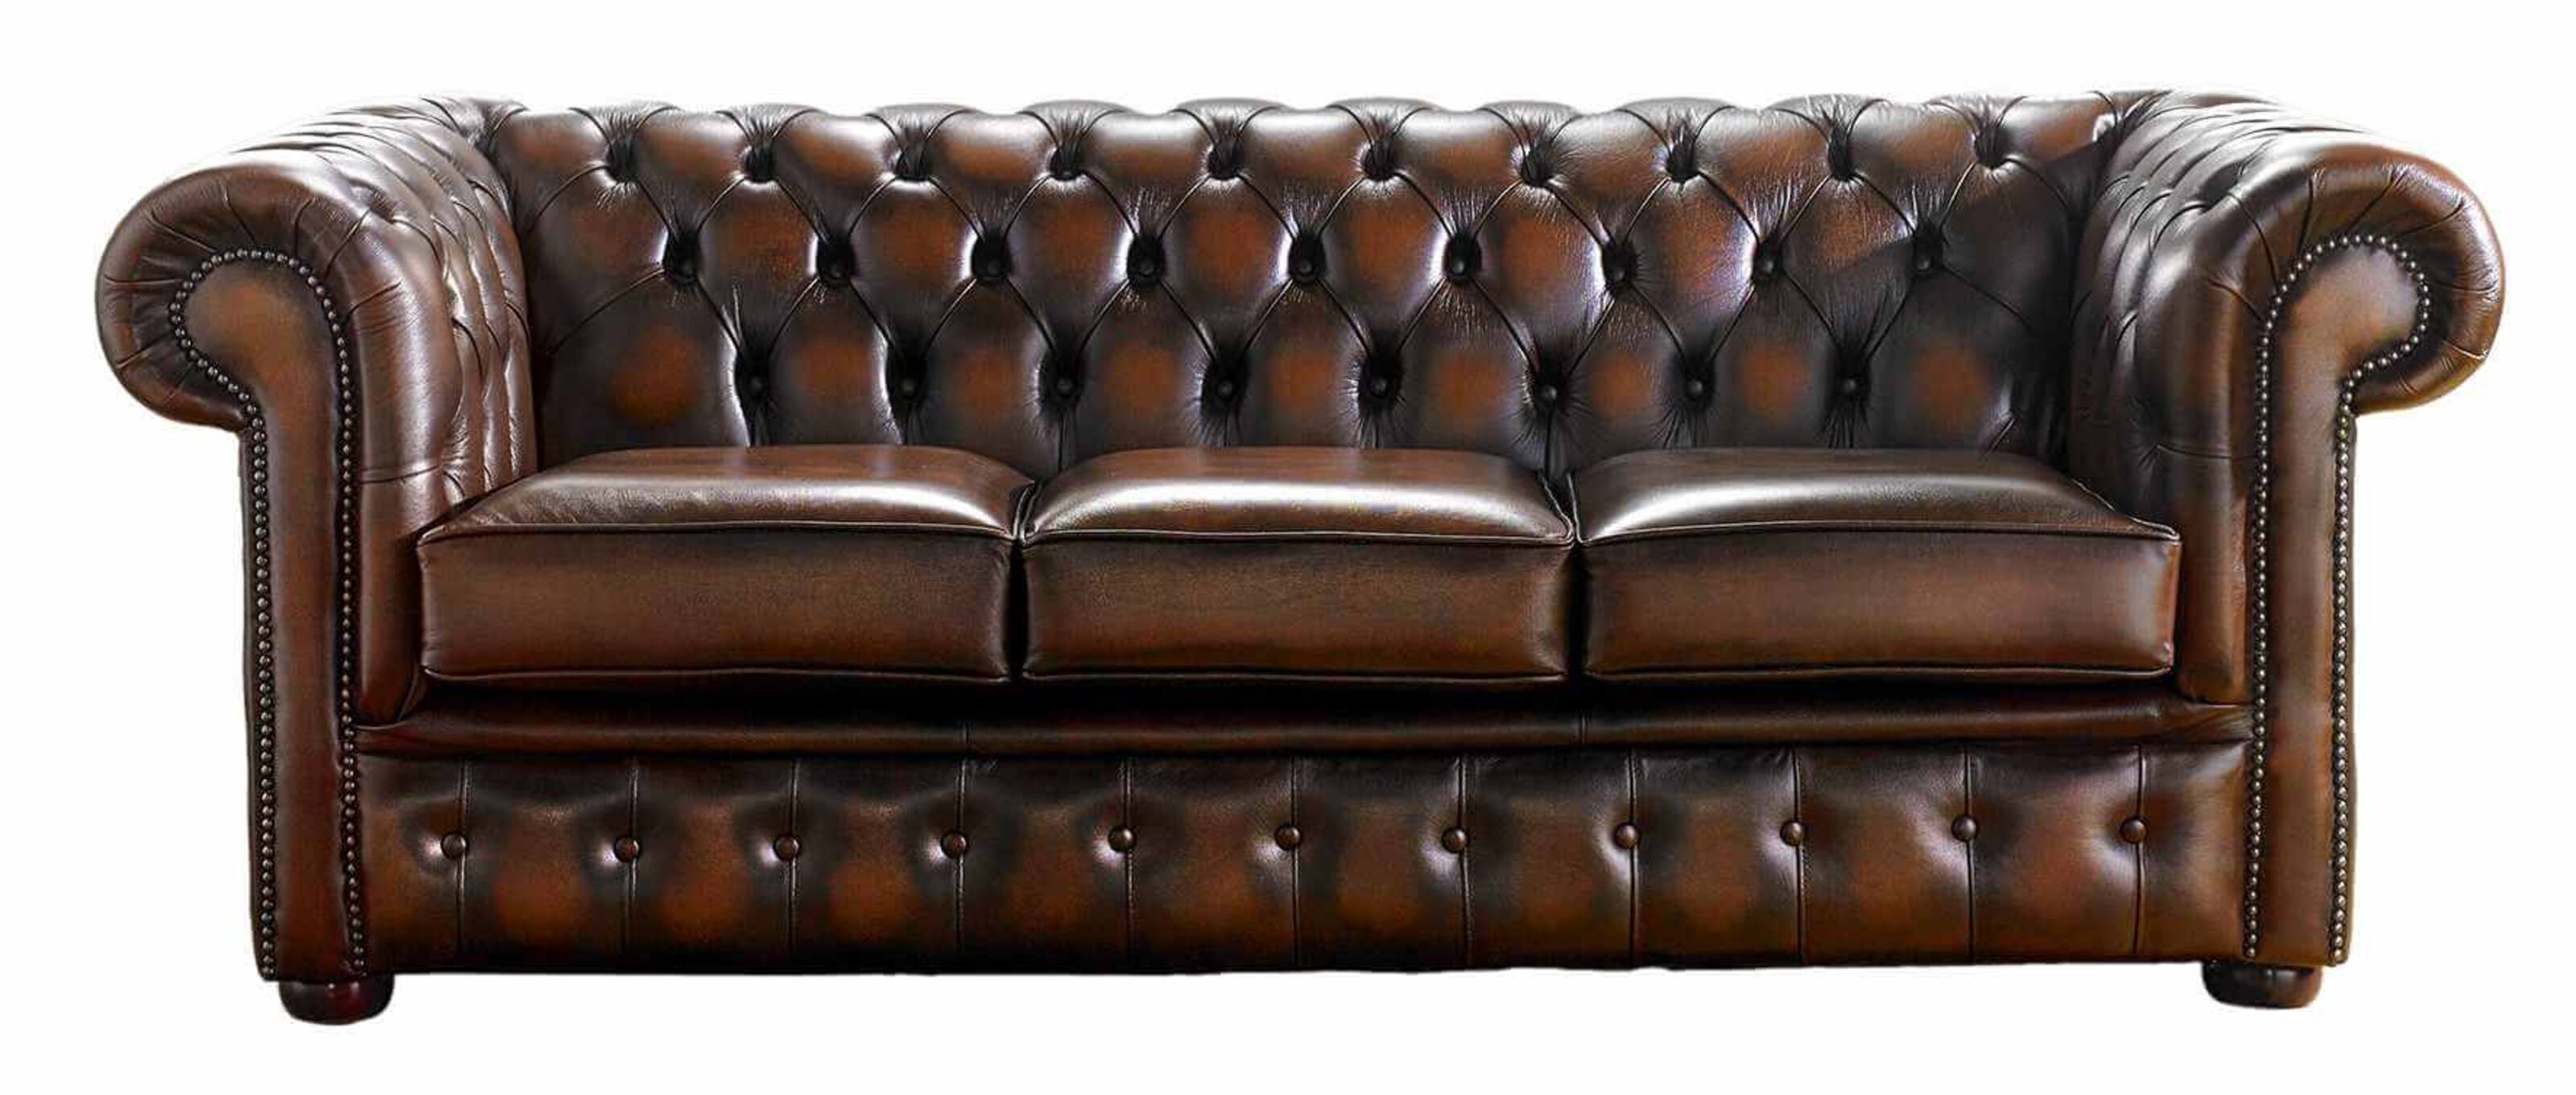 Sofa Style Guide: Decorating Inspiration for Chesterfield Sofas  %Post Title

...

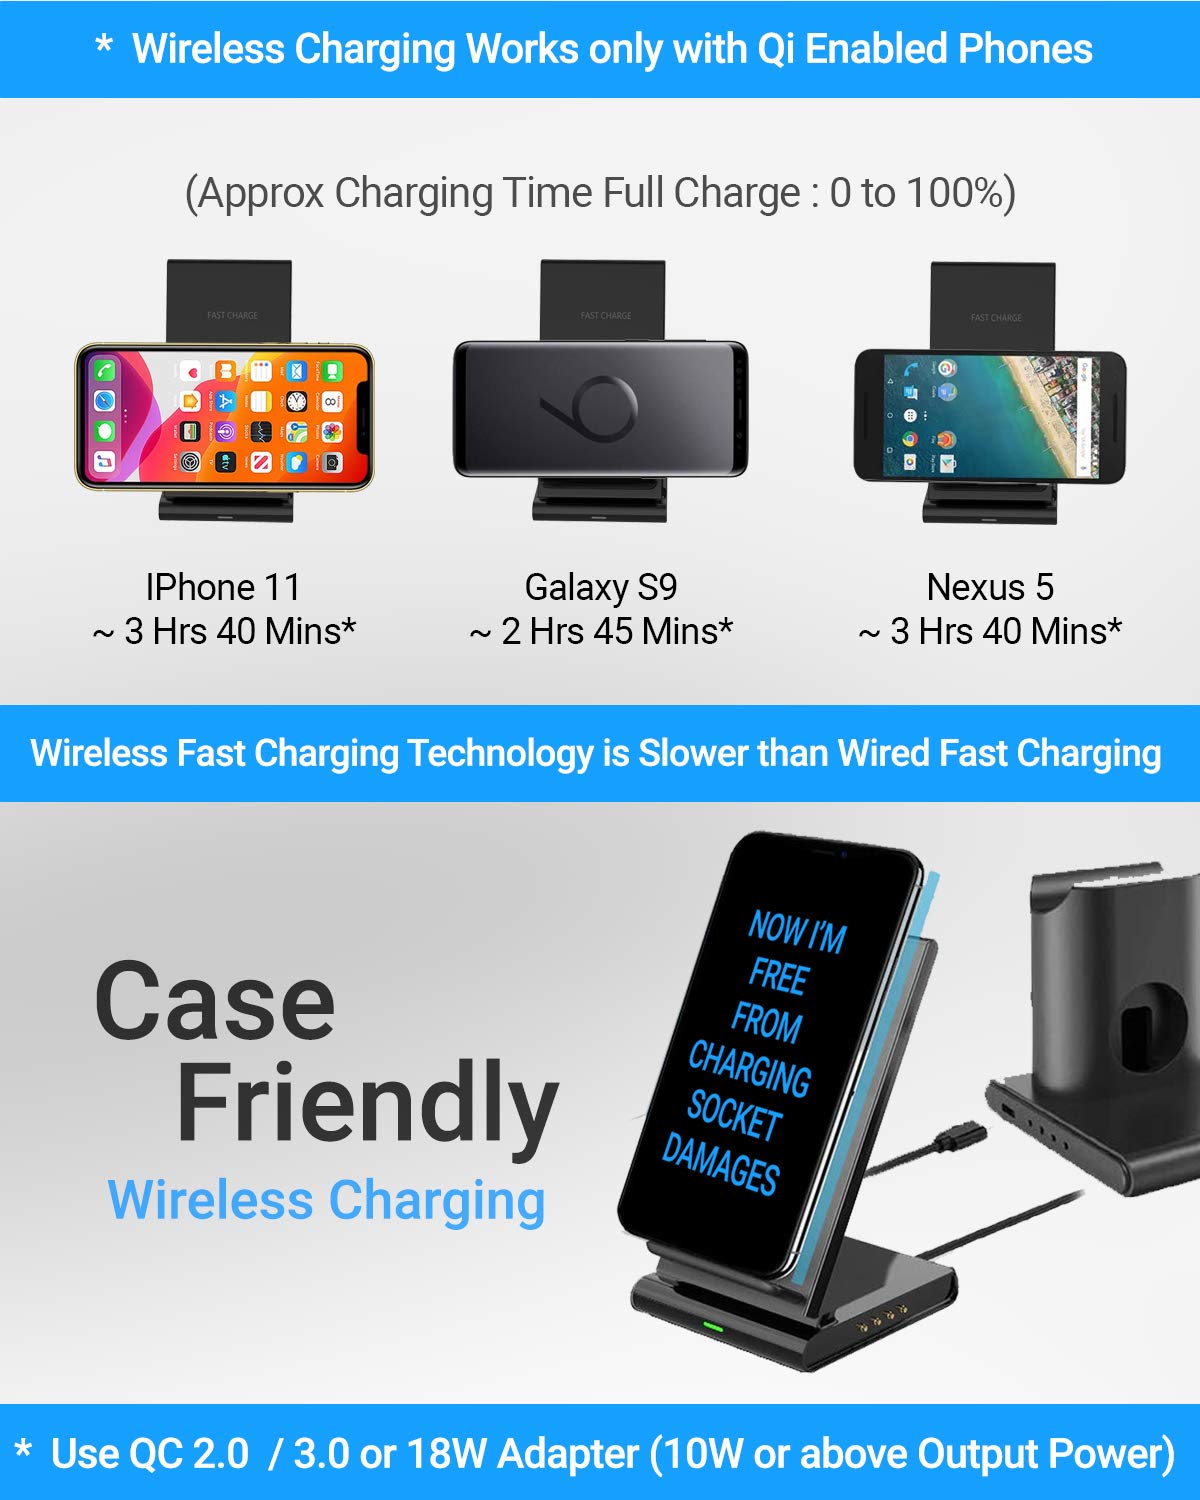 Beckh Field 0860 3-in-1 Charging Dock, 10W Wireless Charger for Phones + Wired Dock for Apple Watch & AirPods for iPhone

--

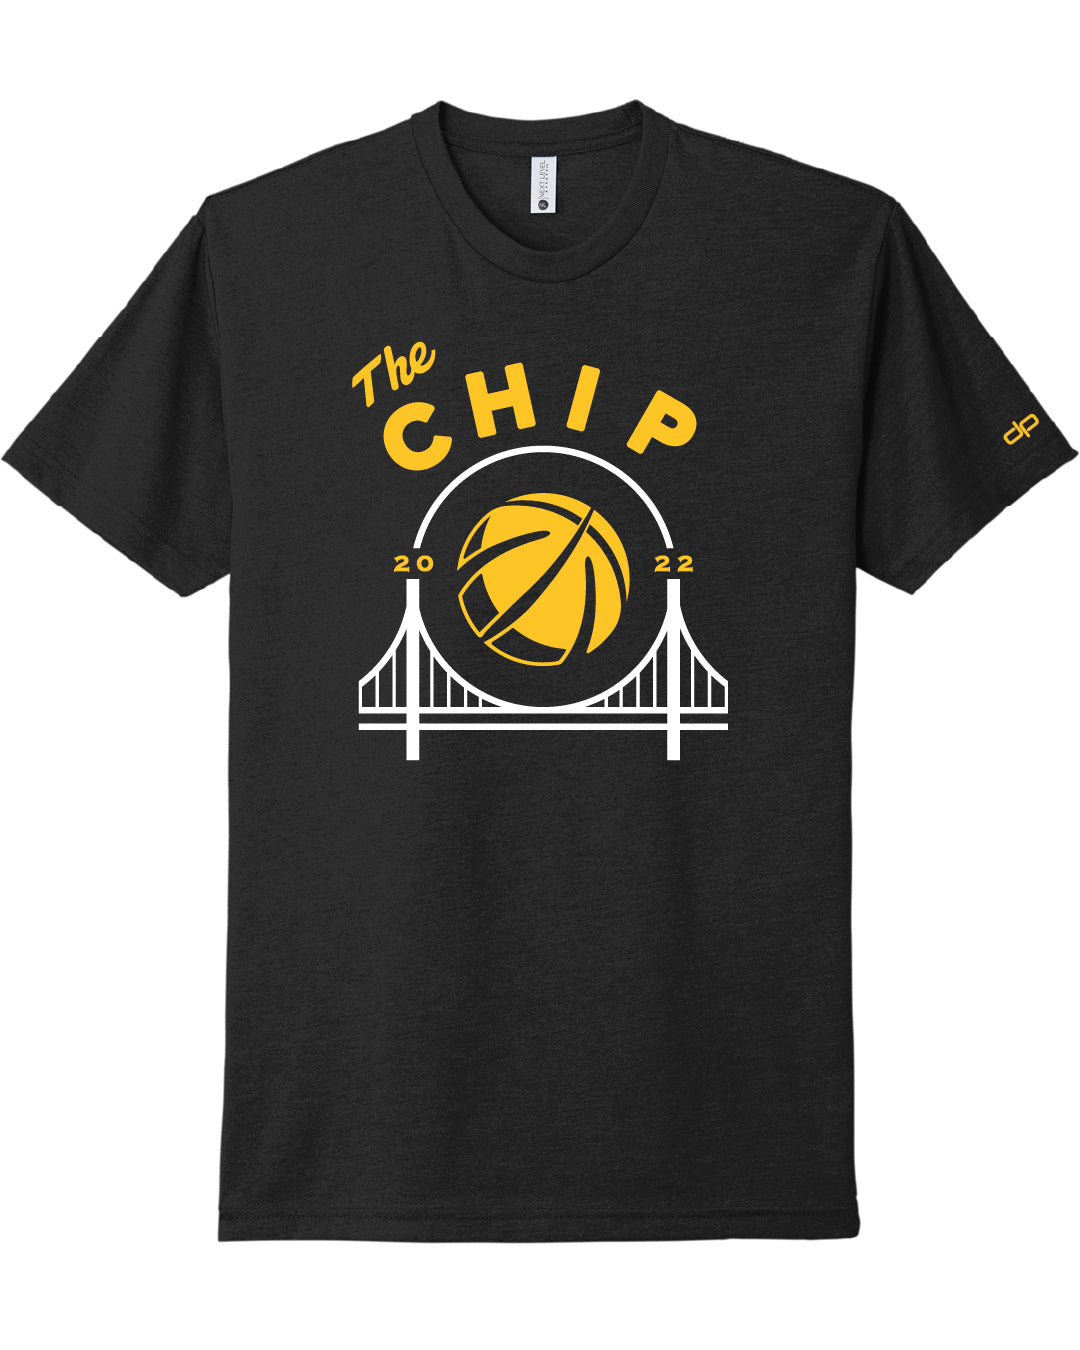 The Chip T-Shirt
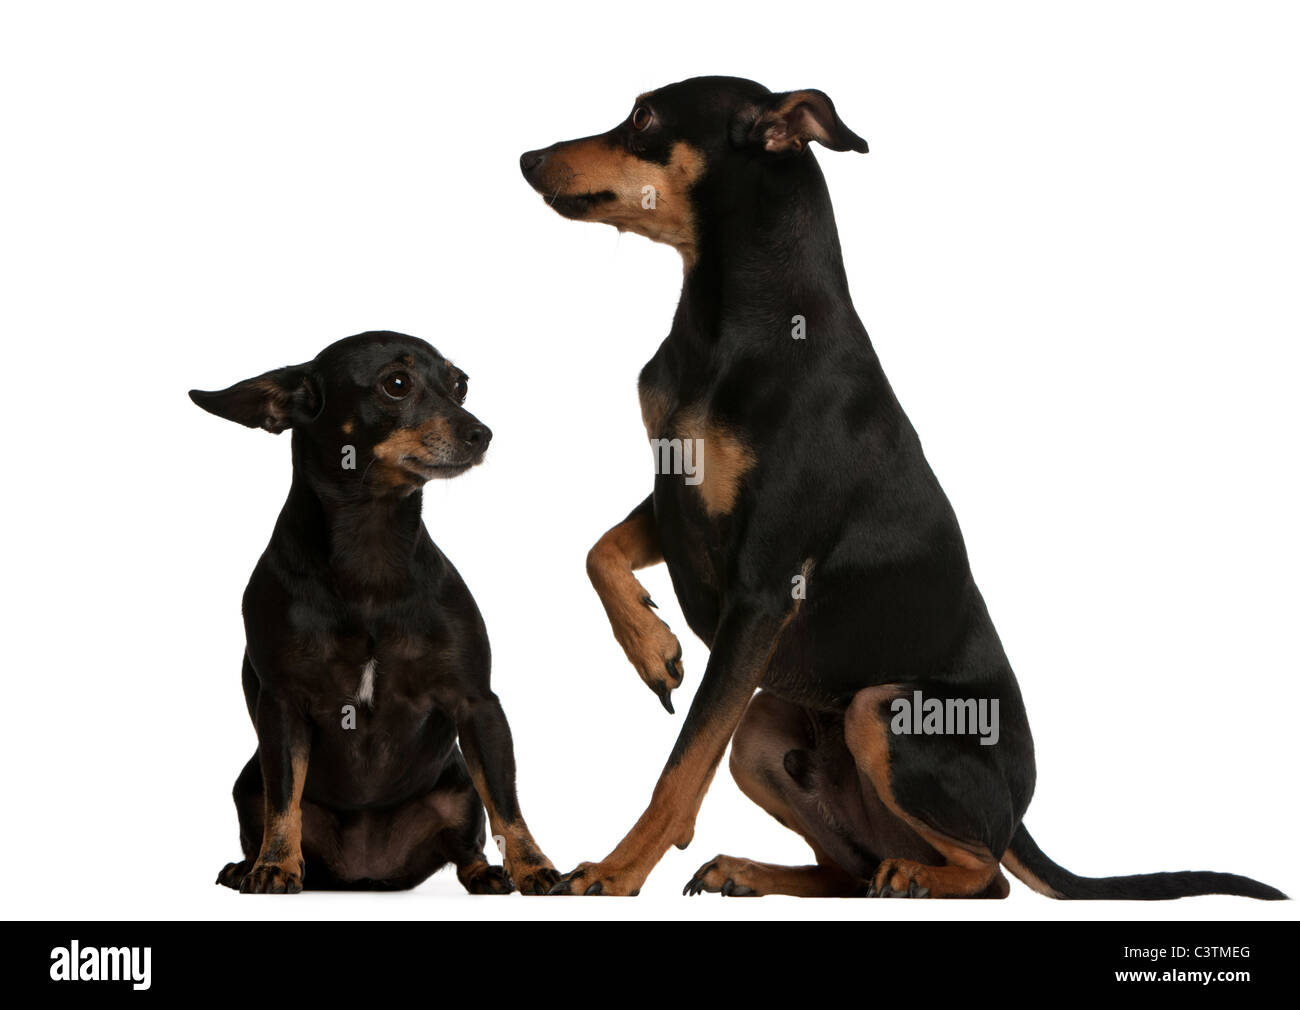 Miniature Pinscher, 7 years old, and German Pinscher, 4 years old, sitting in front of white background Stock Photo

◆ What the task requires ◆
Starting with the line that has "The Chip T-Shirt" and going on through the line that has "Miniature Pinscher, 7", transcribe the records above exactly, but skip the pictures.

◆ Written solution ◆
 The Chip T-Shirt
 Miniature Pinscher, 7 years old, and German Pinscher, 4 years old, sitting in front of white background Stock Photo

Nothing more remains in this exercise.